DoclingDocument Input Example¶

Overview¶

This example demonstrates how to process pre-converted DoclingDocument JSON files, enabling reprocessing of documents without re-running OCR or document conversion.

Time: 10 minutes

Use Case: BillingDocument Reprocessing¶

Reprocess a previously converted invoice document with a different template or extraction strategy, without re-running expensive OCR operations.

Document Source¶

File: invoice_docling.json

Type: DoclingDocument JSON

Content: Pre-processed invoice with structure, text, and layout information.

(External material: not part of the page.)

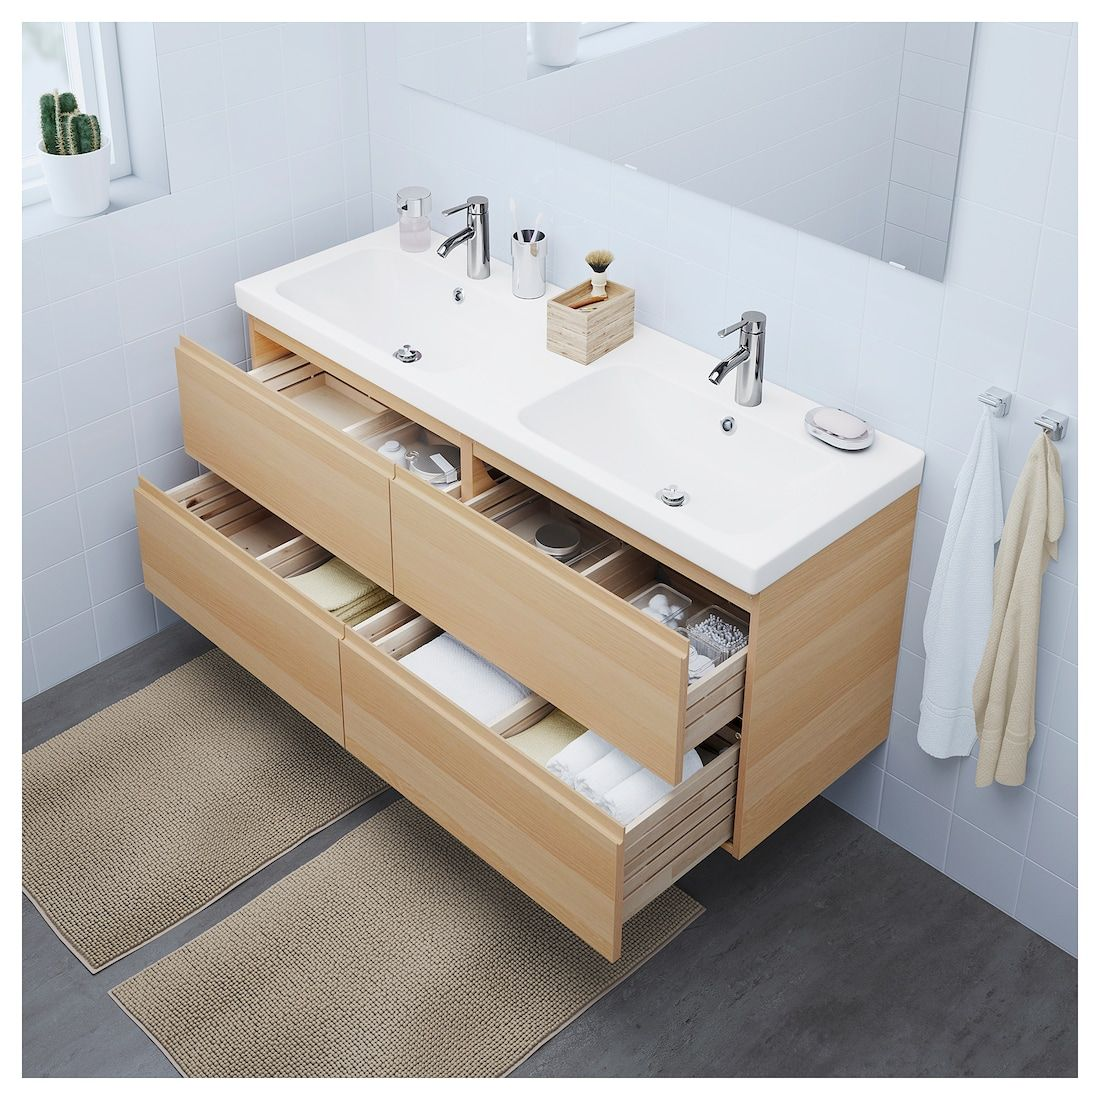 Ikea Godmorgon Odensvik White Stained Oak Effect Dalskar Faucet Sink Cabinet With 4 Drawers En 2020 Meuble Lavabo Lavabo Ikea Et Lavabo

Creating DoclingDocument Files¶

Method 1: Export from Docling Graph¶

# First run: Convert PDF and export DoclingDocument
uv run docling-graph convert invoice.pdf \
    --template "templates.billing_document.BillingDocument" \
    --export-docling-json

# This creates: outputs/invoice_docling.json

Method 2: Use Docling Directly¶

from docling.document_converter import DocumentConverter

# Convert document with Docling
converter = DocumentConverter()
result = converter.convert("invoice.pdf")

# Export DoclingDocument
with open("invoice_docling.json", "w") as f:
    f.write(result.document.model_dump_json(indent=2))

Method 3: Custom Pipeline¶

from docling_core.types.doc import DoclingDocument
import json

# Create custom DoclingDocument
doc = DoclingDocument(
    schema_name="DoclingDocument",
    version="1.0.0",
    name="custom_invoice",
    # ... add pages, body, furniture
)

# Save to JSON
with open("custom_docling.json", "w") as f:
    json.dump(doc.model_dump(), f, indent=2)

Template Definition¶

We'll use an invoice template for this example.

from pydantic import BaseModel, Field
from docling_graph.utils import edge

class Address(BaseModel):
    """Address component."""
    model_config = {'is_entity': False}

    street: str = Field(description="Street address")
    city: str = Field(description="City")
    postal_code: str = Field(description="Postal code")
    country: str = Field(description="Country")

class Company(BaseModel):
    """Company entity."""
    model_config = {
        'is_entity': True,
        'graph_id_fields': ['name']
    }

    name: str = Field(description="Company name")
    address: Address = Field(description="Company address")
    tax_id: str | None = Field(default=None, description="Tax ID")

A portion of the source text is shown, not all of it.